We use cookies. Read the Privacy and Cookie Policy

( Сразу же после моей свадьбы...)

Сразу же после моей свадьбы все родные разъехались. Мать, кажется, поехала к родственникам в Чешин. В квартире остались мы с мужем, отец и собака. Мне хотелось, чтобы муж с самого начала понял, какая я прекрасная хозяйка, ну и я очень старалась: готовила обеды, устраивала стирки. Этого мне показалось мало, я решила устроить генеральную уборку в доме и начала с мытья окон. Окна в родительской квартире были большие, во всю стену, я начала мыть окно с середины, и после длительных усилий стали видны результаты: среднее окно теперь весьма отличалось от боковых, отличалось, разумеется, в лучшую сторону. Только я протерла стекло, как в дверь позвонил муж, и я кинулась ему открывать, оставив на подоконнике большой таз с мыльной водой.

Распахнув дверь, жутко гордая собой, я с порога крикнула:

– Пошли, что-то тебе покажу!

Не понимая, в чем дело, муж застыл в дверях. Тогда я за руку потащила его в комнату и, указав на окно, с гордостью спросила:

– Замечаешь разницу?

И в этот момент сквозняком смело с подоконника таз с водой, так как я оставила все двери распахнутыми настежь, и оконная рама подтолкнула таз. Он грохнулся на пол, грязная вода залила комнату.

Муж не стал ко мне придираться, не стал ругать. Он благородно признал, что средняя часть окна и в самом деле позитивно отличается от остальных, а потом сам подтер пол. Любил меня, наверное...

И еще о моих хозяйственных достижениях. Осенью мне предстояло приступить к занятиям в Архитектурной Академии, следовало заранее обзавестись некоторым инвентарем, денег же у нас было очень мало. Правда, чертежную доску мне подарил брат отца, дядя Юрек. Извлекли ее из погреба, где она пролежала долгие годы, я много сил потратила на то, чтобы ее отскоблить и очистить, после чего наш актуальный кот тут же на нее нагадил, что было воспринято домашними как добрый знак. Ладно, доска была, а все остальное требовалось купить в магазине, например, чертежные принадлежности. В ту субботу, которая навечно осталась в народной памяти, я растратила практически все наличные деньги, осталось у меня всего сто пятьдесят злотых, и я просто не решалась признаться мужу в этом. А наутро разразилась денежная реформа, гром средь ясного неба для всех, только не для меня. У нас-то на руках не осталось практически старых денег! С радостным смехом, вся сияя от счастья, объявила я мужу, что у нас с ним нет никаких проблем, мы ничего не потеряли на обмене, наоборот, вот я какая хозяйственная, потратила деньги на нужные вещи. Слегка ошарашенный муж очень скоро уверовал в мой финансовый гений и тоже стал радоваться, похвалив меня за предусмотрительность. Помню, что за оставшиеся сто пятьдесят злотых я получила четыре злотых и пятьдесят грошей новыми деньгами.

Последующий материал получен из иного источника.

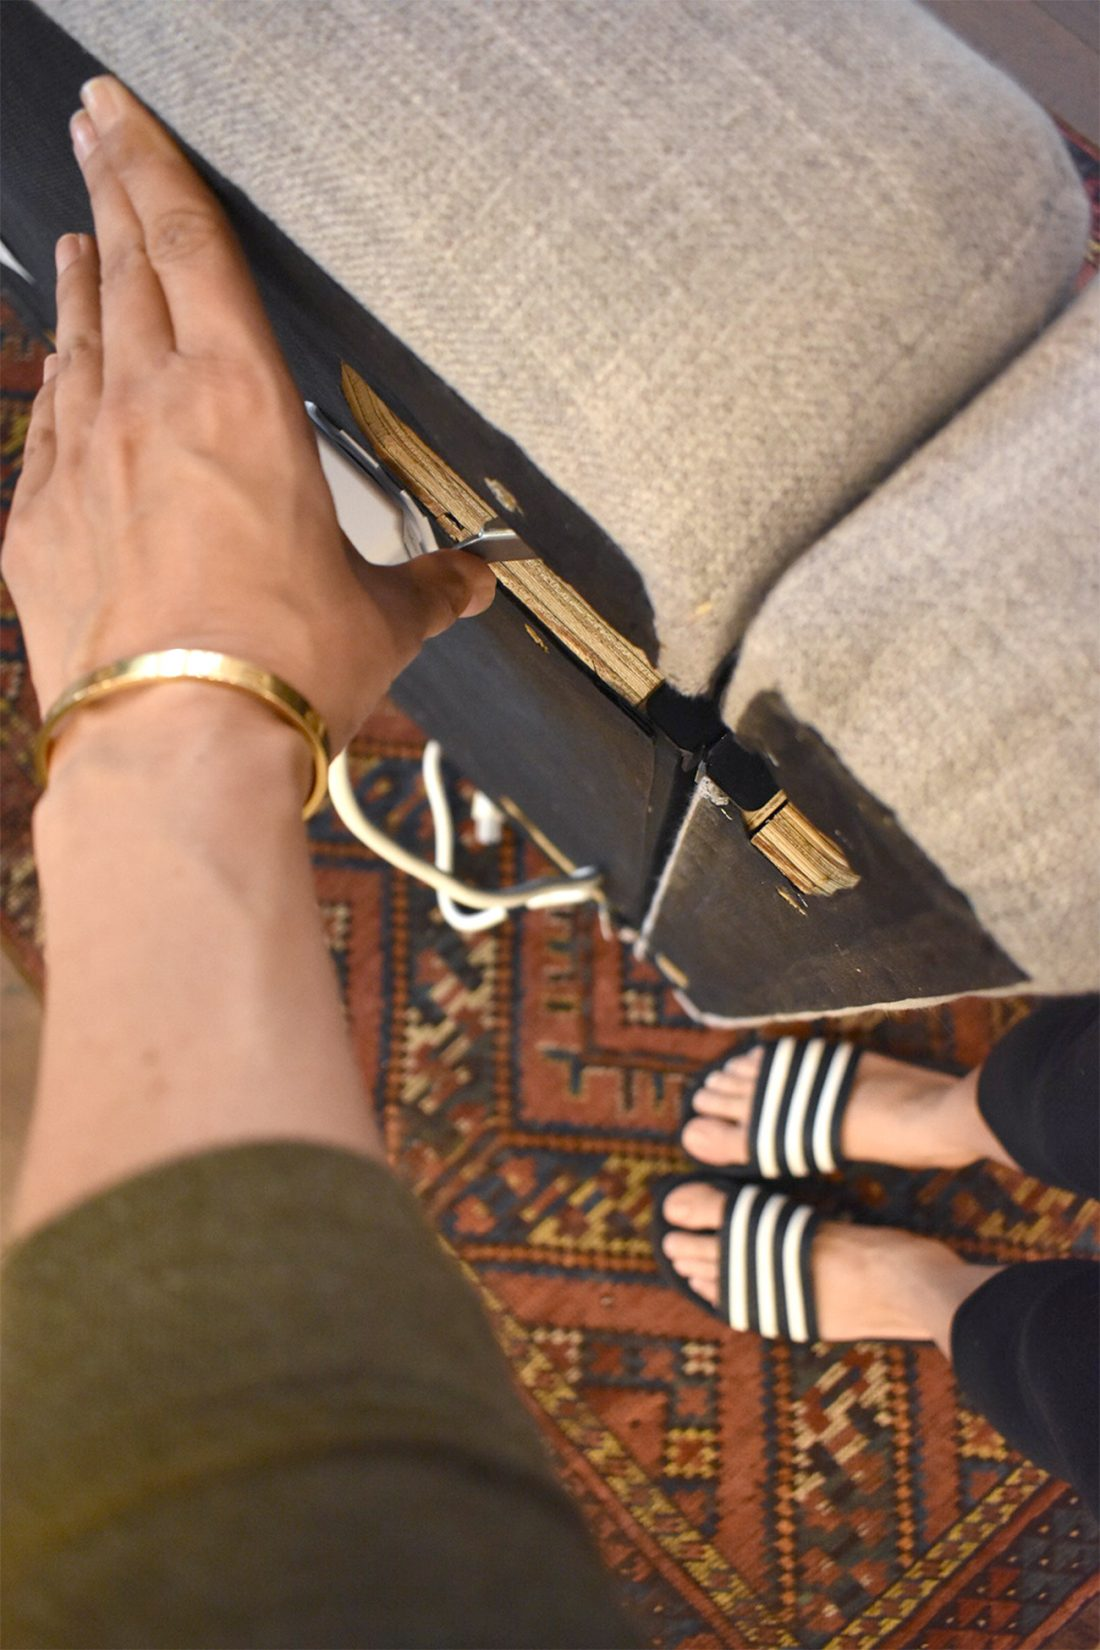 Burrow Sofa: Putting it together

Учиться на архитектора мне понравилось. Поначалу шли очень интересные для меня предметы: история архитектуры, рисование, технический рисунок, деревянное строительство. Да что там, даже математика вначале показалась мне захватывающе интересной. На вступительной лекции профессор Гриневецкий произнес запомнившиеся мне на всю жизнь слова:

– Уважаемые коллеги, да будет вам известно, что архитекторов принято считать ненормальными. Есть в этом доля правды. Нормальный человек обычно способен думать об одной вещи, ну, о двух, даже о трех одновременно, архитектору же одновременно приходится держать в голове как минимум тридцать...

И он перечислил нам эти тридцать вещей. Сорок три года прошло с той поры, нельзя от меня требовать, чтобы все тридцать я помнила. Тут и стороны света, и особенности грунта, и виды построек, и нормативы, и особенности стройматериалов, и еще пропасть других важных моментов, не учитывать которые архитектор просто не имеет права. В том числе и конструкции, которые с самого начала стали для меня камнем преткновения.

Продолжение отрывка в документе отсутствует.